## Your instructions
In the entries below, find the line with "#短外套+裙装=显高显美!# Lululemon粉色少女look: 最近逛Lululemon发现2019春季新款出了连帽rose" and the line with "Gruppo Felappi S.r.l.". Repeat exactly everything between them, those two lines included, but not the pictures.

## Task inputs
"""

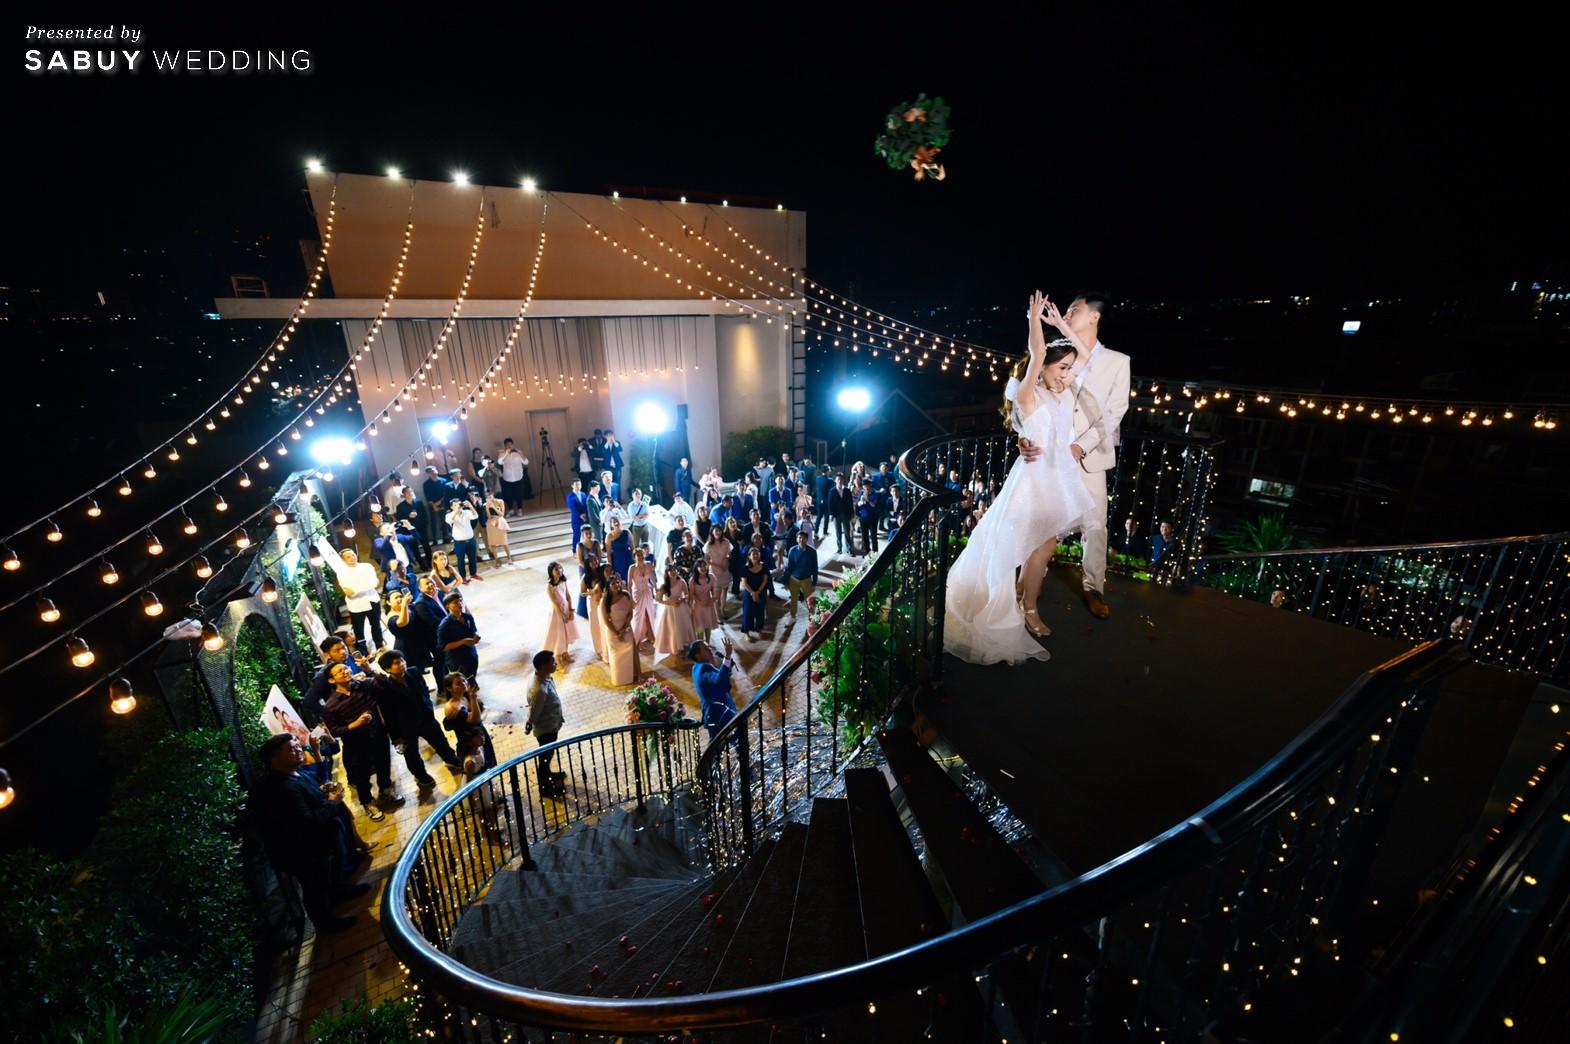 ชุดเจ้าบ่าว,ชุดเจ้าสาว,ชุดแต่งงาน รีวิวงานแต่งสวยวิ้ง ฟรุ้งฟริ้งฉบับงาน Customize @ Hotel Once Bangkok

"""
"""

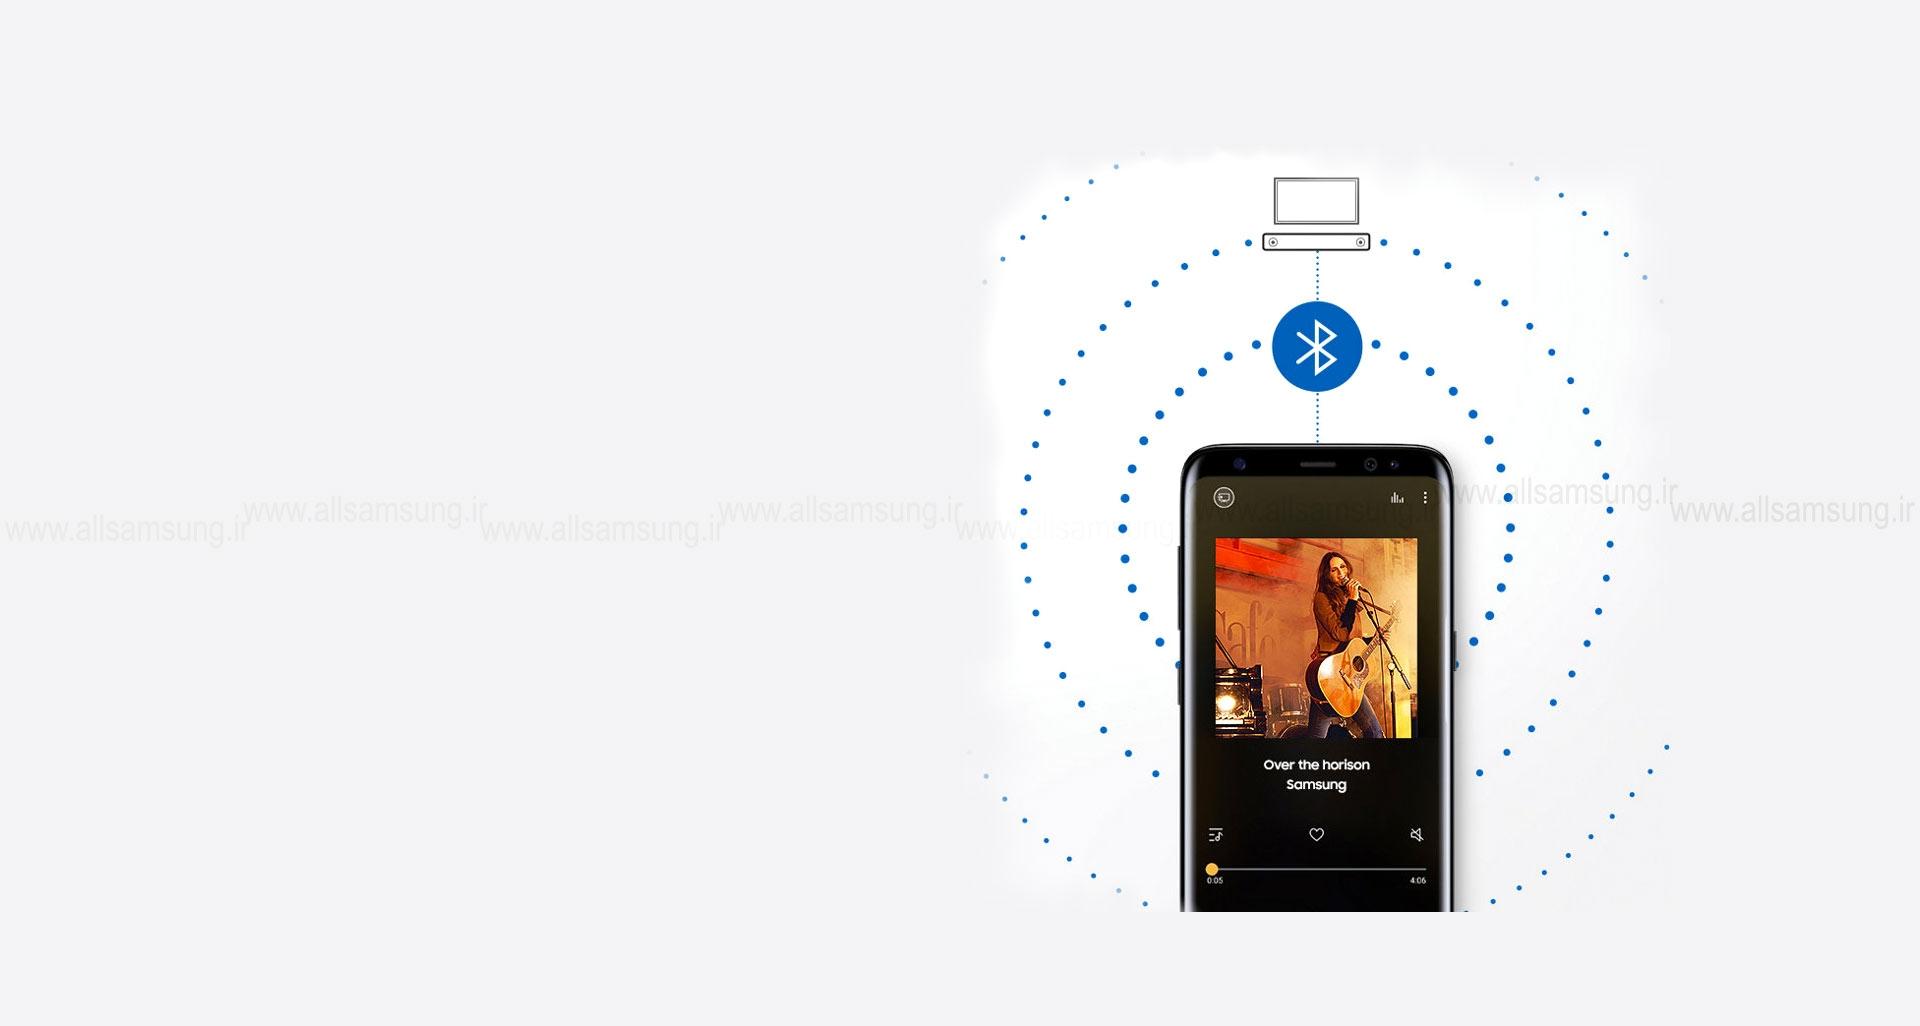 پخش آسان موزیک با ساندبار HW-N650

"""
"""

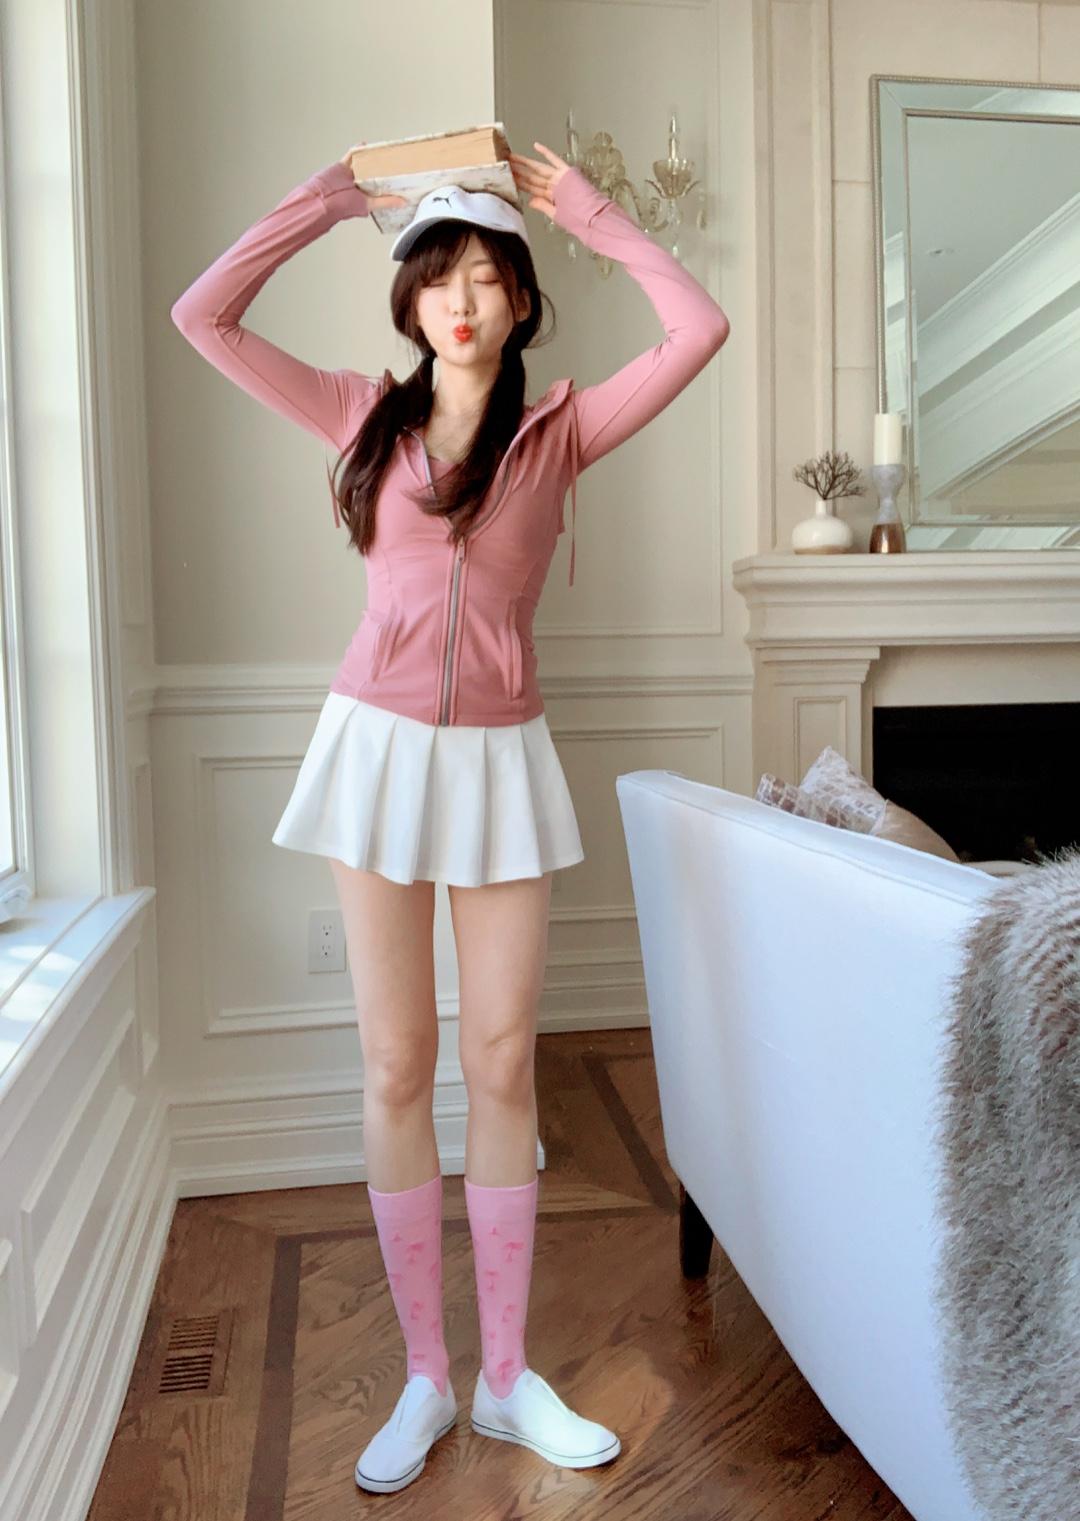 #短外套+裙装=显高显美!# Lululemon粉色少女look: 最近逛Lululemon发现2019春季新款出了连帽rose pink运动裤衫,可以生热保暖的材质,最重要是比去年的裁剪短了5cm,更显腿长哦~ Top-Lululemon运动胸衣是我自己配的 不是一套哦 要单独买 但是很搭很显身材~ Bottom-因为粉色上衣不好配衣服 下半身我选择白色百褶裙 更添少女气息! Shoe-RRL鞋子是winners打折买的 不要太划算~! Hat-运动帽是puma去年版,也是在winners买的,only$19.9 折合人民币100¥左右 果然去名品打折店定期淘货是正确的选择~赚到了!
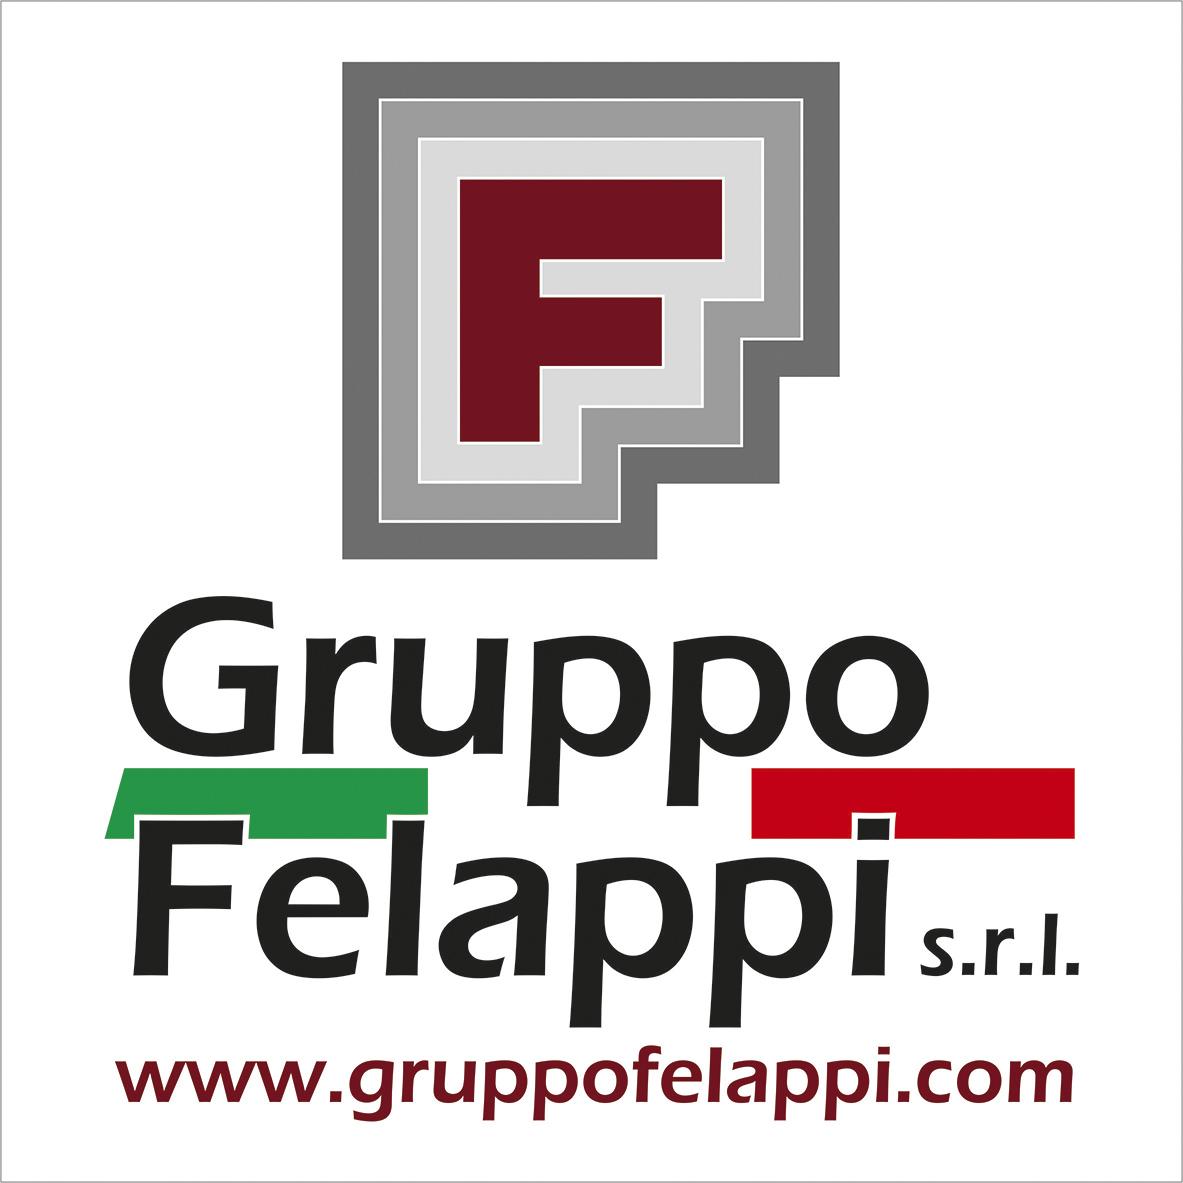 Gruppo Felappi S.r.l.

"""

## Answer space
 #短外套+裙装=显高显美!# Lululemon粉色少女look: 最近逛Lululemon发现2019春季新款出了连帽rose pink运动裤衫,可以生热保暖的材质,最重要是比去年的裁剪短了5cm,更显腿长哦~ Top-Lululemon运动胸衣是我自己配的 不是一套哦 要单独买 但是很搭很显身材~ Bottom-因为粉色上衣不好配衣服 下半身我选择白色百褶裙 更添少女气息! Shoe-RRL鞋子是winners打折买的 不要太划算~! Hat-运动帽是puma去年版,也是在winners买的,only$19.9 折合人民币100¥左右 果然去名品打折店定期淘货是正确的选择~赚到了!
 Gruppo Felappi S.r.l.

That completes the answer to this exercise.